Il lavoro affidato all’artista in questa sezione della Chiesa Superiore generò un caso assai clamoroso in un periodo piuttosto critico, sicuramente con il pieno accordo delle gerarchie commissionarie che, nell’affidargli l’altissimo compito, sapevano con certezza quale fosse il calibro e la natura di Cimabue. Unico e grande problema da superare era il fragile rapporto tra Assisi e Roma in quel delicatissimo e particolare momento, derivato da alcuni avvenimenti politici che l’avevano fortemente messo a dura prova. Soltanto la statura artistica di Cimabue poteva indurre Roma ad un’eccezionale apertura.

L’artista lanciava dalla Chiesa di S. Francesco la propria dottrina, dando plasticità e consistenza alle forme, razionalizzando in modo evidente i costrutti, conferendo a tutti i personaggi – compresi dannati – forti credibilità.

Dal lato più specificamente politico-contingente, l’artista metteva in atto le sue ben chiare idee creando forti polemiche: è nelle vele per l’appunto, che egli iniziava una dura requisitoria contro il più alto idolo esistente, contro cioè la corte romana di papa Niccolò III (Giovanni Gaetano Orsini: Roma, 1216 circa – Soriano nel Cimino, 1280; papa dal 1277 alla morte). Tale invettiva raggiungeva poi il culmine nel successivo ciclo apocalittico.

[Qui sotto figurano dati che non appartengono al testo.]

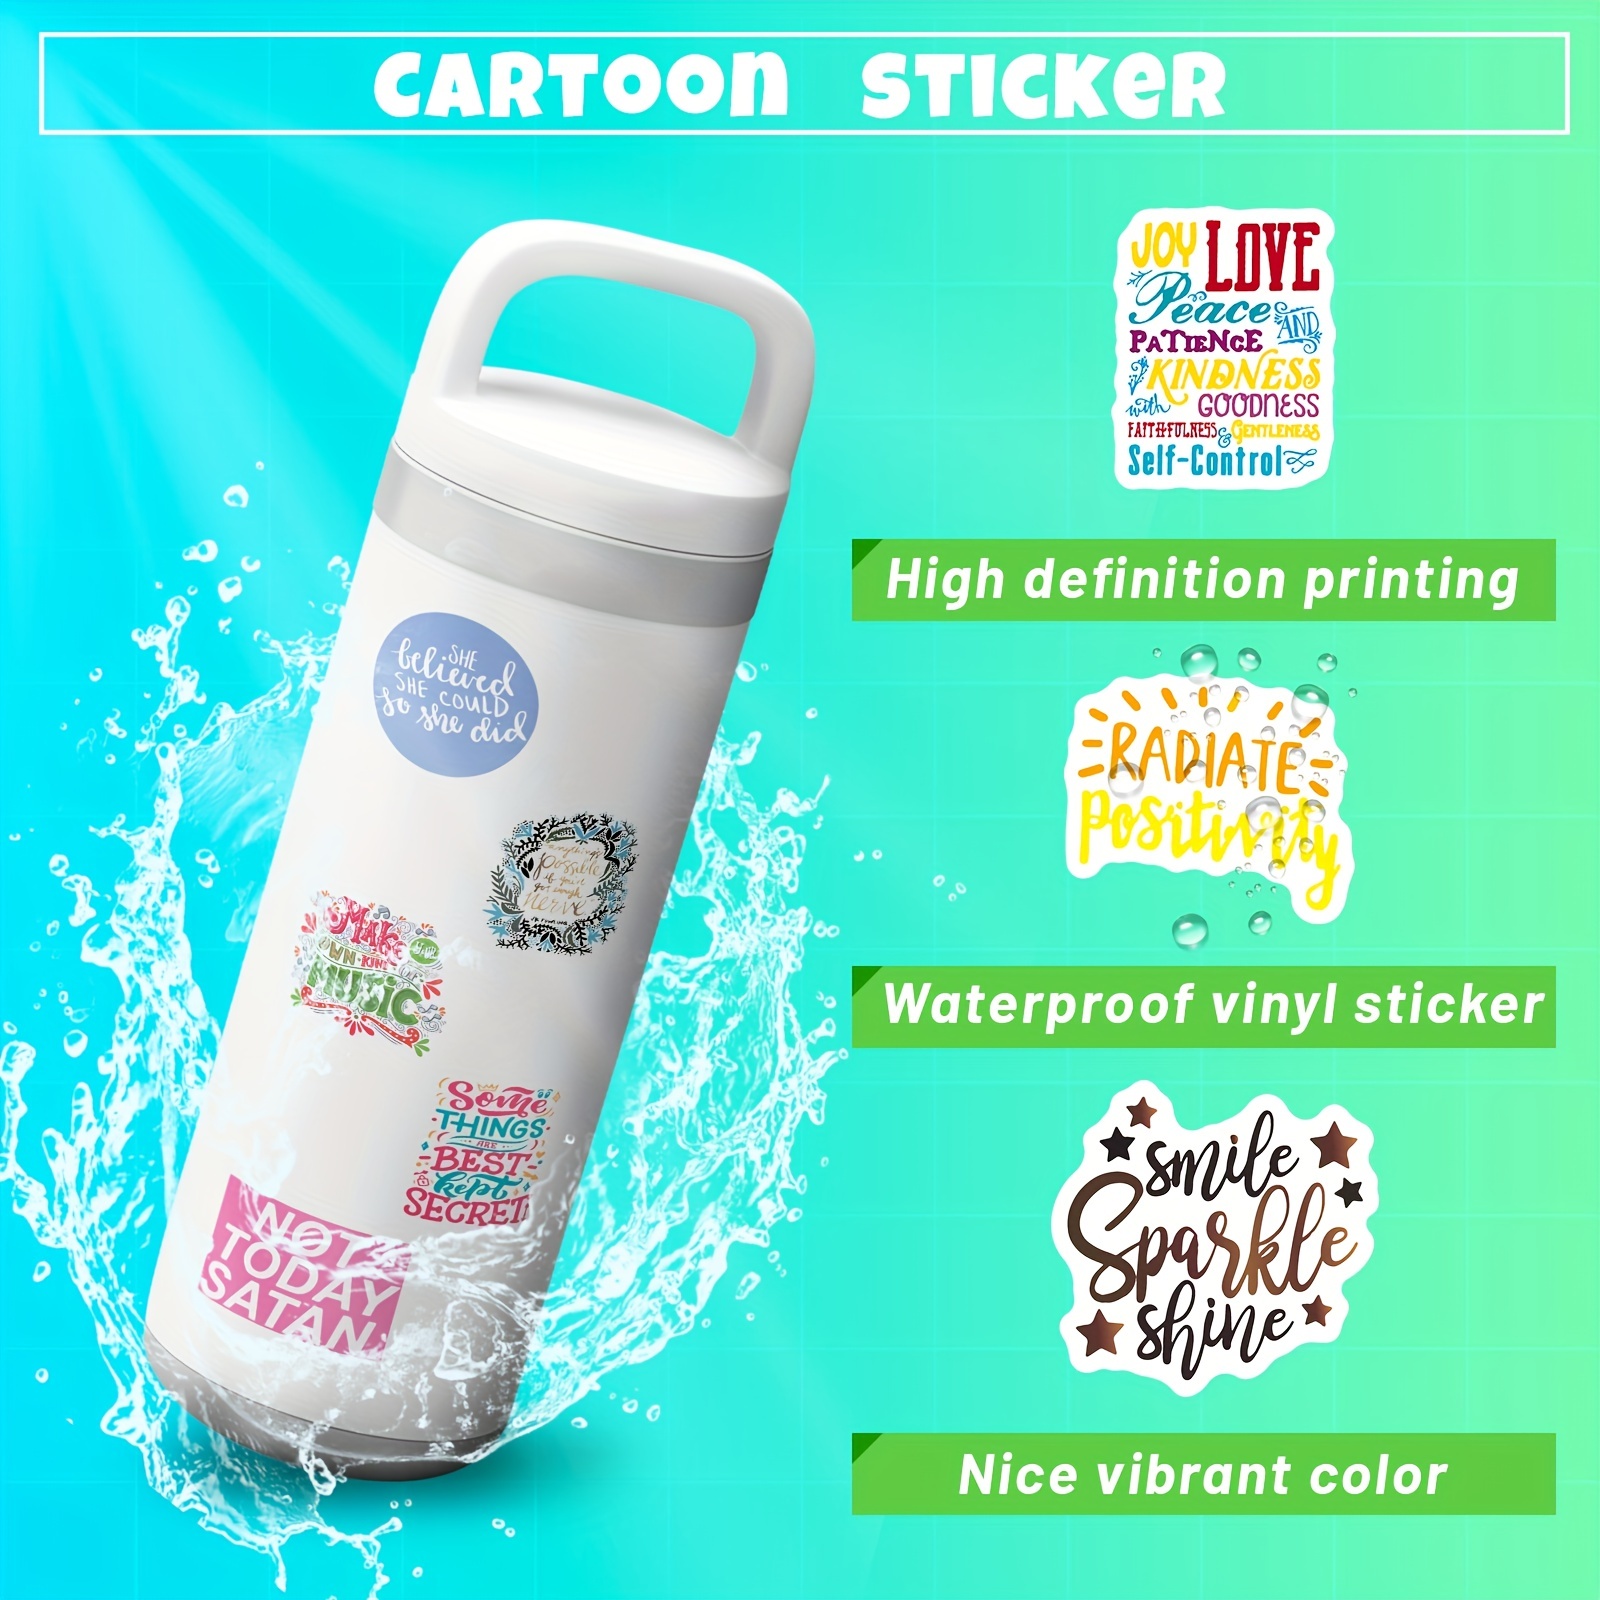 300 PCS Motivational Encouraging Stickers,Inspirational Stickers for Water  Bottles Skateboard Scrapbooking,Inspirational Stickers for Adults Teens

 Sul piano formale, all’ormai logorato fraseggio intessuto principalmente dalle maniere bizantine, raffinatissime ma ormai così innaturali da sprofondare in aridi intellettualismi, Cimabue presentava la completezza di una forma appresa sia dal tardo romanico, sia – certamente e soprattutto – da quell’arte classica e neoellenistica di cui egli aveva già in precedenza mostrato il suo amore in una prova esemplare, nella creazione della Maestà nella Chiesa Inferiore.

Nelle quattro vele della volta si verificava perciò, come afferma Coletti, lo “scoppio del fatto nuovo che determina il mutamento d’indirizzo”. Tre dei quattro protagonisti, S. Matteo, S. Luca e S. Marco, sono raffigurati seduti di fronte ad uno scrittoio, mentre S. Giovanni – sempre seduto su di un seggiolone –  gira le spalle a quel tavolo.

Tutti gli evangelisti si presentano nell’atto di comporre il proprio  testo e nel preciso momento in cui vengono sfiorati dall’angelo, una figura che in tutte e quattro le raffigurazioni appare perfettamente identica, anche nella prospettiva.